Task statement → Find the line holding "Jeux et Jouets" in the entries below. Give it again exactly, along with every line after it up to and including the line holding "Für euren Besuch".

Available data →

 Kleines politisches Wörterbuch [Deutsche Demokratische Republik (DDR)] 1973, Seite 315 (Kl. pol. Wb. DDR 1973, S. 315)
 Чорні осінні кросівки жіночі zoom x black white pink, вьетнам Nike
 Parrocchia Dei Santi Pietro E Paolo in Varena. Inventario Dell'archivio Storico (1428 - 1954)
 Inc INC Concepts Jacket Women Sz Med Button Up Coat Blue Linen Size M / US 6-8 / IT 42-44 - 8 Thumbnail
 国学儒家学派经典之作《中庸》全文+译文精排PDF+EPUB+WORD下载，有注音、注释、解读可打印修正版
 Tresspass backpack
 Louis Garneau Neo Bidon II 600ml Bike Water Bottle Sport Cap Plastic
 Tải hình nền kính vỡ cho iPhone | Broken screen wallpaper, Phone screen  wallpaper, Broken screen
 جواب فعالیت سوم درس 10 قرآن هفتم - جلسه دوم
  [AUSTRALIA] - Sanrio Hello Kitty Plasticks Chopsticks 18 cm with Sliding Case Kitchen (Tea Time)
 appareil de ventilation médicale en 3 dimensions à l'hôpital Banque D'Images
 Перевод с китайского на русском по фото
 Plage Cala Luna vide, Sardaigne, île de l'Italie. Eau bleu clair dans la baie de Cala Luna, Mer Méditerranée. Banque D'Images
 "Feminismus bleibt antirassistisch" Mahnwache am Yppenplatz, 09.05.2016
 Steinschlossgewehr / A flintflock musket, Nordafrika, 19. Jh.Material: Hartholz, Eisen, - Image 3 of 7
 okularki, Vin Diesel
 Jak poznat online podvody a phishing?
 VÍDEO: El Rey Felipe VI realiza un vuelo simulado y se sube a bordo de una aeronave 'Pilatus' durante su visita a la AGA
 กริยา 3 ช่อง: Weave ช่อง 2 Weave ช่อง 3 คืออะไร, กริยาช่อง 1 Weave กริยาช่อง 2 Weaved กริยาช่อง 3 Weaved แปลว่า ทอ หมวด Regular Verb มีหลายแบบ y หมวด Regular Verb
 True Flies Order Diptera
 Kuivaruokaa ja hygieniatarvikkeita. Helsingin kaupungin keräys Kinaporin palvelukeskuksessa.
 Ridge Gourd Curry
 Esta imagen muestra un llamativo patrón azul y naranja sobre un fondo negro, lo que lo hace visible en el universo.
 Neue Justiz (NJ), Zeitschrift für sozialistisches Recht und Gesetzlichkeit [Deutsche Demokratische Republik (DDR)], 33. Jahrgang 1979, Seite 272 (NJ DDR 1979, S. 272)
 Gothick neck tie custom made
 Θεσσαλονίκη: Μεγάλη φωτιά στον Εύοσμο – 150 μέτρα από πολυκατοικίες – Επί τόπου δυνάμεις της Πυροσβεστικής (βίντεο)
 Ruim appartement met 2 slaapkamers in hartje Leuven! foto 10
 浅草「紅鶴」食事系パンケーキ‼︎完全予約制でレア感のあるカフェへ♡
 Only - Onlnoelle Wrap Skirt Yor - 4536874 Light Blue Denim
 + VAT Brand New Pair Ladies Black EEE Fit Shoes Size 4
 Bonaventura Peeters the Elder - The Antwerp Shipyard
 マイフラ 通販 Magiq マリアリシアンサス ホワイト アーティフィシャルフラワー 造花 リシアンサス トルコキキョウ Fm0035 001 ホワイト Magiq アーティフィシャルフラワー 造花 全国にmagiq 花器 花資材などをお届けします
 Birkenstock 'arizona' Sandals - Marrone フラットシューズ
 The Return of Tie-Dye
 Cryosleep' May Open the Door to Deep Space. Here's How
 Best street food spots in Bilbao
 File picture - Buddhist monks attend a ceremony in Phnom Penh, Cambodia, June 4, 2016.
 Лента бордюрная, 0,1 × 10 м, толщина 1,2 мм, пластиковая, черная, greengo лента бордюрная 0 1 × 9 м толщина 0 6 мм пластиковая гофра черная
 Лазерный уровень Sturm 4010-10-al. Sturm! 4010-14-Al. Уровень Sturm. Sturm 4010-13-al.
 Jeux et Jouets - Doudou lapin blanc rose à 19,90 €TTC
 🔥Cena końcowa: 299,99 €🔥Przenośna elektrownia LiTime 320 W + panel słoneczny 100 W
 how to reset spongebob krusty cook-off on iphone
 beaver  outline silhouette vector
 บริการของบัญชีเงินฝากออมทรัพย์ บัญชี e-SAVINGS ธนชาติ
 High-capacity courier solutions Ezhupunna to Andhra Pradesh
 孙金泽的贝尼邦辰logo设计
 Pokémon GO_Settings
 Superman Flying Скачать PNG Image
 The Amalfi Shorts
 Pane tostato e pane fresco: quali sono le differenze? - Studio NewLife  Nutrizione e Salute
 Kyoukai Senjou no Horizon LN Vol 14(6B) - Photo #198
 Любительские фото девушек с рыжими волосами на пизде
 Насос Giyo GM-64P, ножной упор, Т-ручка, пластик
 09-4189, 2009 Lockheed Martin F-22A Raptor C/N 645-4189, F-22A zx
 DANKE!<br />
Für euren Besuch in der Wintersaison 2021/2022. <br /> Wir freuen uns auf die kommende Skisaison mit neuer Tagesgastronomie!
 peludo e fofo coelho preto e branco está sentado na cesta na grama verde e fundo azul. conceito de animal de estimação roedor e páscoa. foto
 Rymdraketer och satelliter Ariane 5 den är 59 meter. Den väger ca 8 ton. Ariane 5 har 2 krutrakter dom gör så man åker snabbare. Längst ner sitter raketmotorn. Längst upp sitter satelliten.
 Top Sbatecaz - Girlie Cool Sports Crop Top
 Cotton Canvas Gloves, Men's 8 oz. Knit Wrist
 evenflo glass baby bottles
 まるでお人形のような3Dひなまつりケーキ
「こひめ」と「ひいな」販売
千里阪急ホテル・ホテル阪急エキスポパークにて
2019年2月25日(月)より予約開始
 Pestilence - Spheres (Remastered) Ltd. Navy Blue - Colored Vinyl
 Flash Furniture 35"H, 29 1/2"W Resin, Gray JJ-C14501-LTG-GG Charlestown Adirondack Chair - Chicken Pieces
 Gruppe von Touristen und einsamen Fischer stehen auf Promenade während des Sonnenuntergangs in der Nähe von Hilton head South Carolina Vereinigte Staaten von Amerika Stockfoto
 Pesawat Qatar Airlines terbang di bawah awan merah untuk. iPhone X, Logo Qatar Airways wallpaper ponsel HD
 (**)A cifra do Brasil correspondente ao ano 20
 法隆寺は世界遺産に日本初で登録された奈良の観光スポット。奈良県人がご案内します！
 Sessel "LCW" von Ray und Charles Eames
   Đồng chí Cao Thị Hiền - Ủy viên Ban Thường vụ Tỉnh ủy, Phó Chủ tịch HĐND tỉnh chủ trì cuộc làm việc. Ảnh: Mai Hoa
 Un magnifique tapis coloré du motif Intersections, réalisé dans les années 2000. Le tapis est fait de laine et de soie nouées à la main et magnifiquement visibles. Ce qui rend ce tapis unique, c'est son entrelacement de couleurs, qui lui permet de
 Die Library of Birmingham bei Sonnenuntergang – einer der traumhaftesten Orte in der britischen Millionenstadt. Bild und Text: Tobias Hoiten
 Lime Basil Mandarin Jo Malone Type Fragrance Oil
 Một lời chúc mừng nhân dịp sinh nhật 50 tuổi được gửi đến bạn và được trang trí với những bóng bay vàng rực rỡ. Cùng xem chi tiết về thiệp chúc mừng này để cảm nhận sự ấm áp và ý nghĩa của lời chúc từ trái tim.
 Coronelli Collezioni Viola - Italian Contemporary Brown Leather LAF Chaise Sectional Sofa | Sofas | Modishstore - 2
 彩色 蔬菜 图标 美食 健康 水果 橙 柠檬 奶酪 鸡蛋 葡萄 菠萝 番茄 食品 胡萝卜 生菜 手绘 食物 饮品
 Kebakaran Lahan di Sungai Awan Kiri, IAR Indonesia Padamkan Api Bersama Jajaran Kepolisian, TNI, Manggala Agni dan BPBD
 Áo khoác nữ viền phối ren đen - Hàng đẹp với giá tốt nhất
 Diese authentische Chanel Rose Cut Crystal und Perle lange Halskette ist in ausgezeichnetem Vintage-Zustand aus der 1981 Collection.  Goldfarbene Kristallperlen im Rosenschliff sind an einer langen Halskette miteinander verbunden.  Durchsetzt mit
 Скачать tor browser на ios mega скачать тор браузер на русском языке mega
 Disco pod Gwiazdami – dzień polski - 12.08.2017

Problem solution →
 Jeux et Jouets - Doudou lapin blanc rose à 19,90 €TTC
 🔥Cena końcowa: 299,99 €🔥Przenośna elektrownia LiTime 320 W + panel słoneczny 100 W
 how to reset spongebob krusty cook-off on iphone
 beaver  outline silhouette vector
 บริการของบัญชีเงินฝากออมทรัพย์ บัญชี e-SAVINGS ธนชาติ
 High-capacity courier solutions Ezhupunna to Andhra Pradesh
 孙金泽的贝尼邦辰logo设计
 Pokémon GO_Settings
 Superman Flying Скачать PNG Image
 The Amalfi Shorts
 Pane tostato e pane fresco: quali sono le differenze? - Studio NewLife  Nutrizione e Salute
 Kyoukai Senjou no Horizon LN Vol 14(6B) - Photo #198
 Любительские фото девушек с рыжими волосами на пизде
 Насос Giyo GM-64P, ножной упор, Т-ручка, пластик
 09-4189, 2009 Lockheed Martin F-22A Raptor C/N 645-4189, F-22A zx
 DANKE!<br />
Für euren Besuch in der Wintersaison 2021/2022. <br /> Wir freuen uns auf die kommende Skisaison mit neuer Tagesgastronomie!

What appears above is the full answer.